‘De computer kijkt naar erg domme verschillen’

KIJK-redactie

30 juli 2021 12:00

computer

Kunstmatige intelligentie die je geaardheid, IQ en politieke voorkeur van je gezicht afleest. De toekomst is hier, wordt gezegd. Ronald Veldhuizen haalt ook deze technologie onderuit.

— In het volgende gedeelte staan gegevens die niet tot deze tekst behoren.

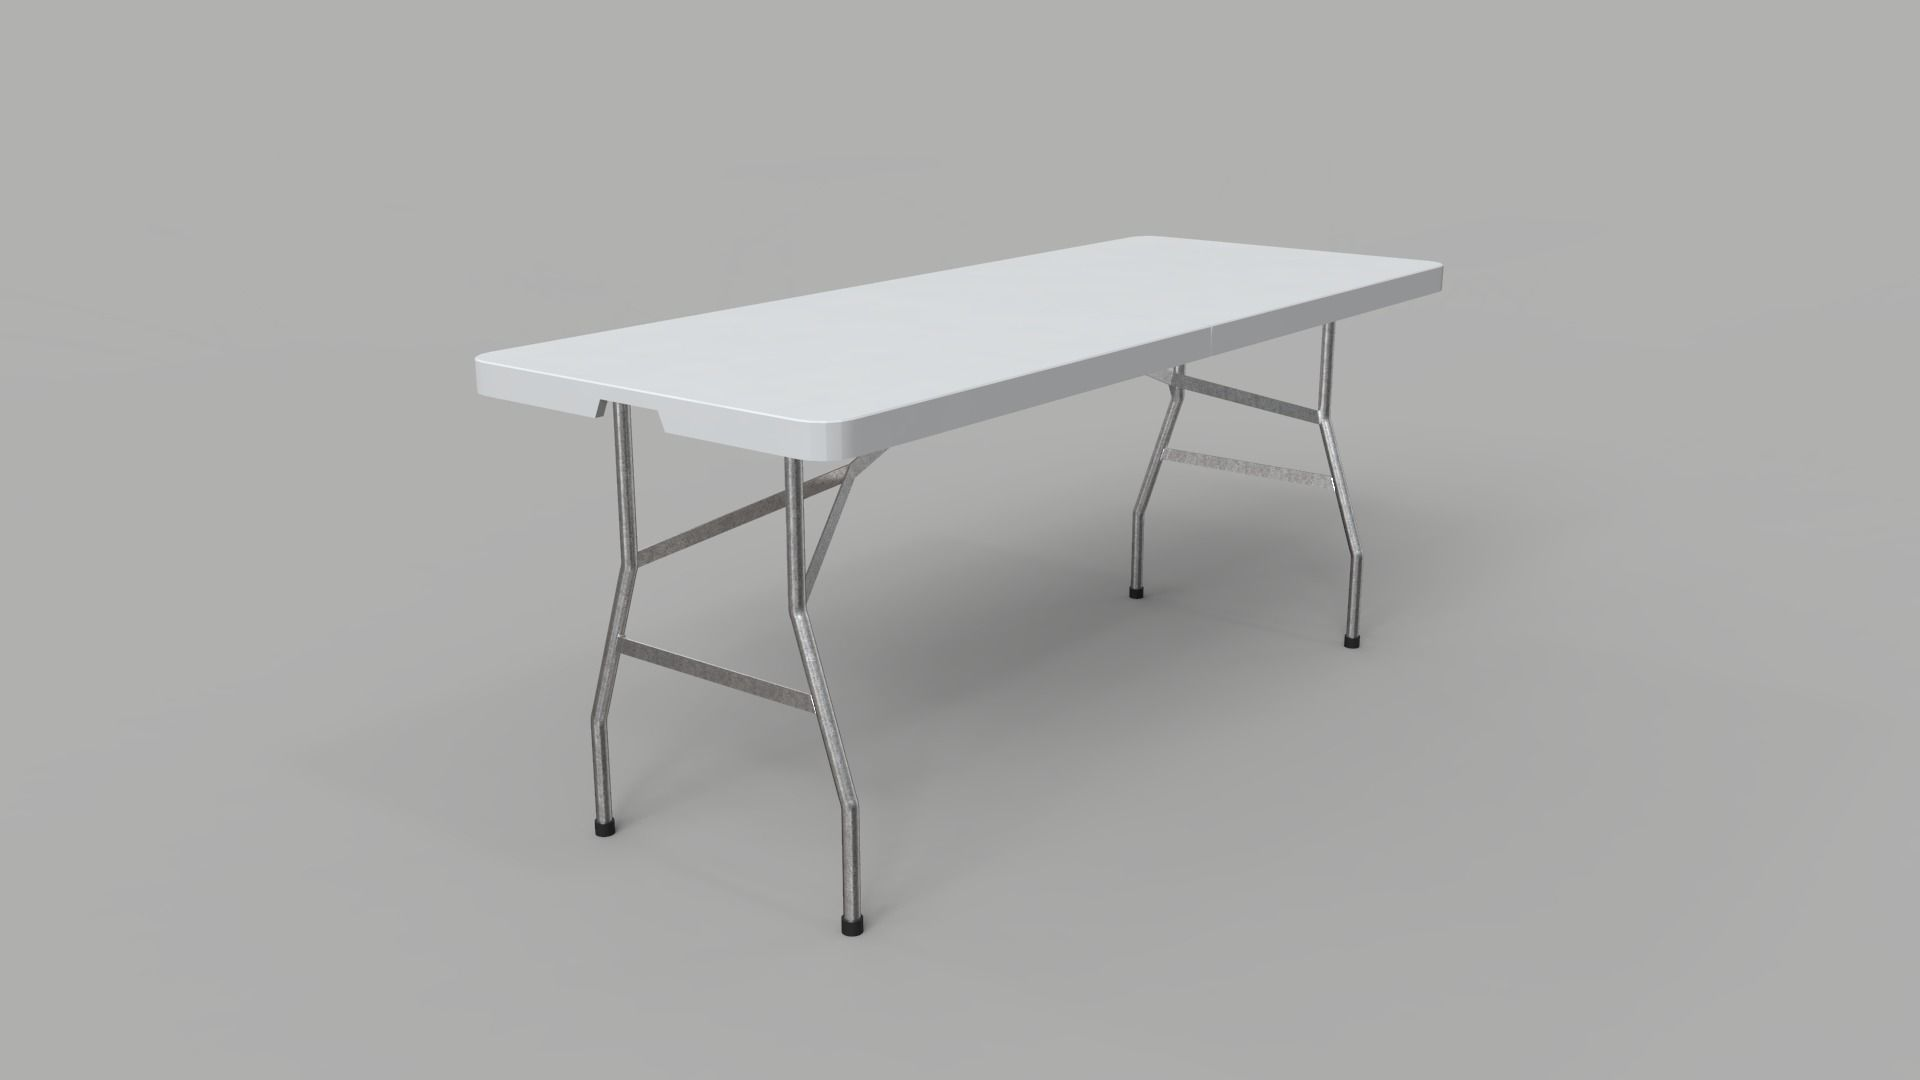 Folding Table - 6 Ft

Homoseksueel of niet? Een computer met kunstmatige intelligentie hoeft maar een gezichtsfoto te zien en weet het al. De digitale ‘gaydar’ zou zelfs beter zijn dan die van mensen. Je politieke voorkeur? De computer weet het. Je IQ? Ook. Shit, de toekomst is al hier.

Lees ook:

Gezichtsbedrog

Toch is dat niet zo. Want kijk eens goed naar de wetenschap achter computers die diepgewortelde menselijke eigenschappen aflezen van iemands gelaat en het wordt snel duidelijk dat we hier te maken hebben met gezichtsbedrog.

Het vaakst in het nieuws met ronkende gezichtsaflees-algoritmes is de Stanford-onderzoeker Michal Kosinski. In 2017 publiceerde hij een studie waarin hij zou hebben aangetoond dat een zelflerend algoritme kan zien wie homo of hetero is, door te kijken naar iemands gezichtsstructuur.

Het idee achter Kosinski’s programma lijkt in beginsel logisch: je traint een computer op gezichtsfoto’s van een groep mensen – in dit geval van een Amerikaanse datingsite – en verklapt welke seksuele voorkeur ze hebben. Daarna laat Kosinski de computer hetzelfde oordeel vellen over een nieuwe set gezichtsfoto’s, en jawel, hij scoort niet onaardig.

‘Onzin in een racistisch jasje’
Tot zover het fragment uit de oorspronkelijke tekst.